__What you have to do__:
The lines in the listing below are to be given again exactly, starting at the line holding "Invasion and Extinction" and ending at the line holding "Common whitetail dragonfly". Do not include pictures.

__Data shown__:
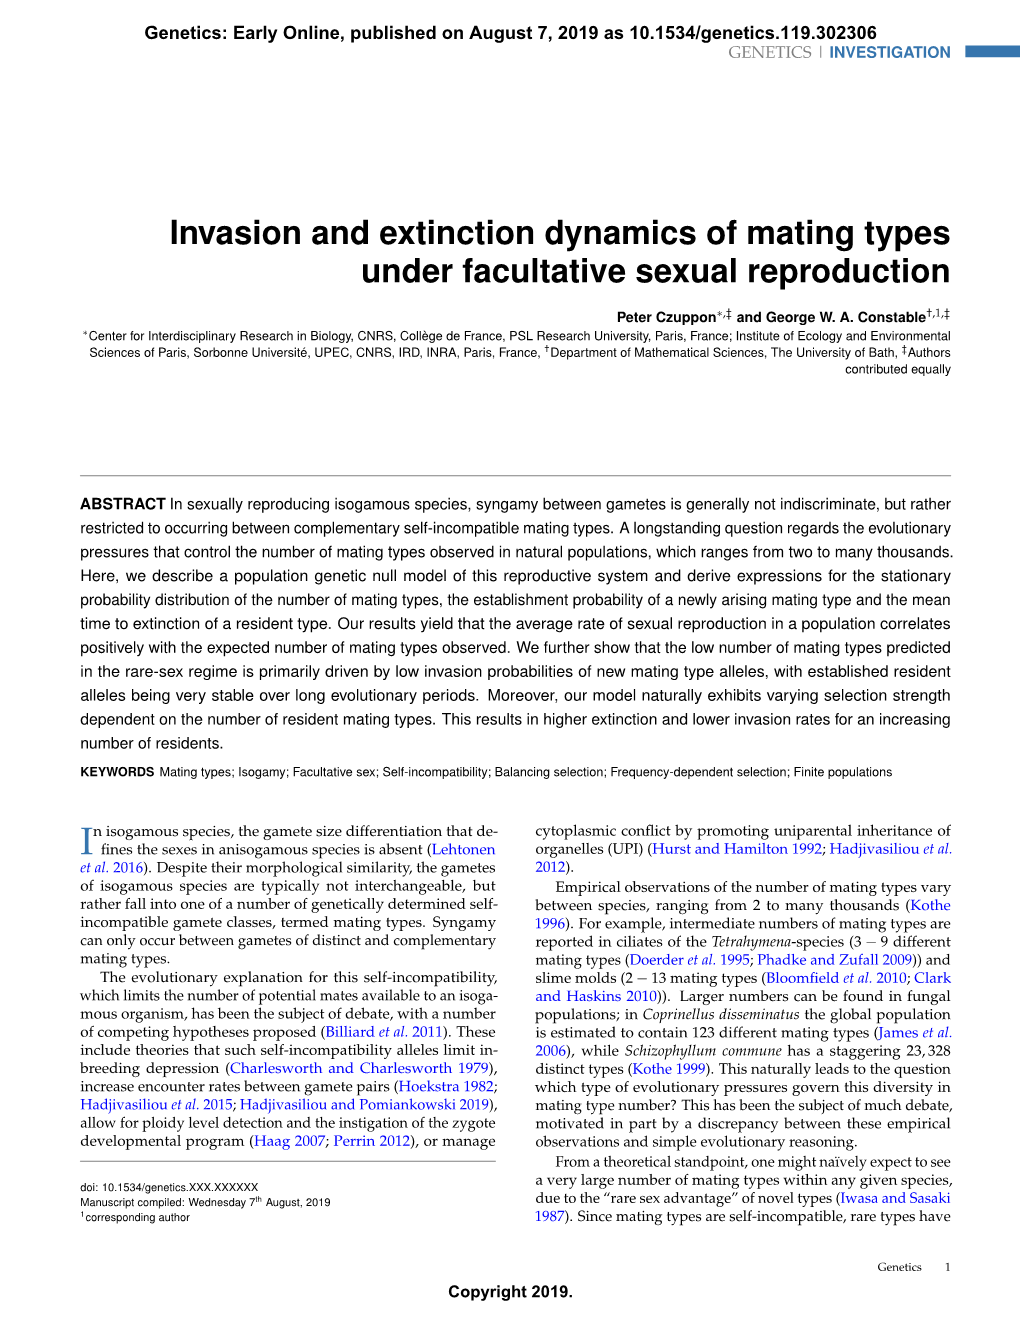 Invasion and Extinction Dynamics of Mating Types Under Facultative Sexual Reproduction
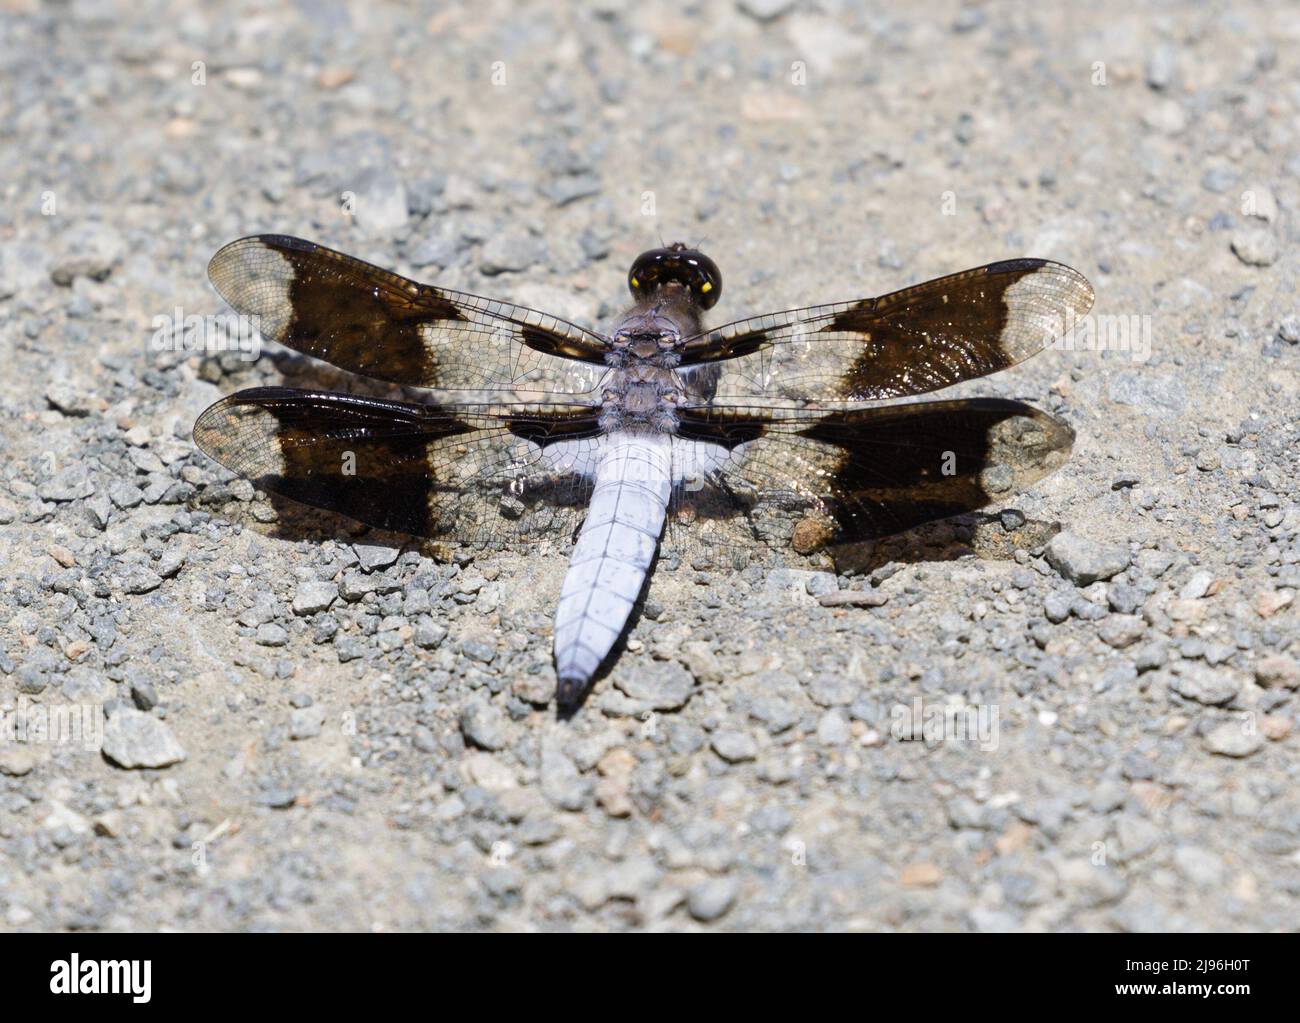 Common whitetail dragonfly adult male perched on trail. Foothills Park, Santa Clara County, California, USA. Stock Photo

---

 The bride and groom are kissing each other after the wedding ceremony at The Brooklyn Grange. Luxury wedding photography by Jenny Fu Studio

__Output of the exercise__:
 Invasion and Extinction Dynamics of Mating Types Under Facultative Sexual Reproduction
 Common whitetail dragonfly adult male perched on trail. Foothills Park, Santa Clara County, California, USA. Stock Photo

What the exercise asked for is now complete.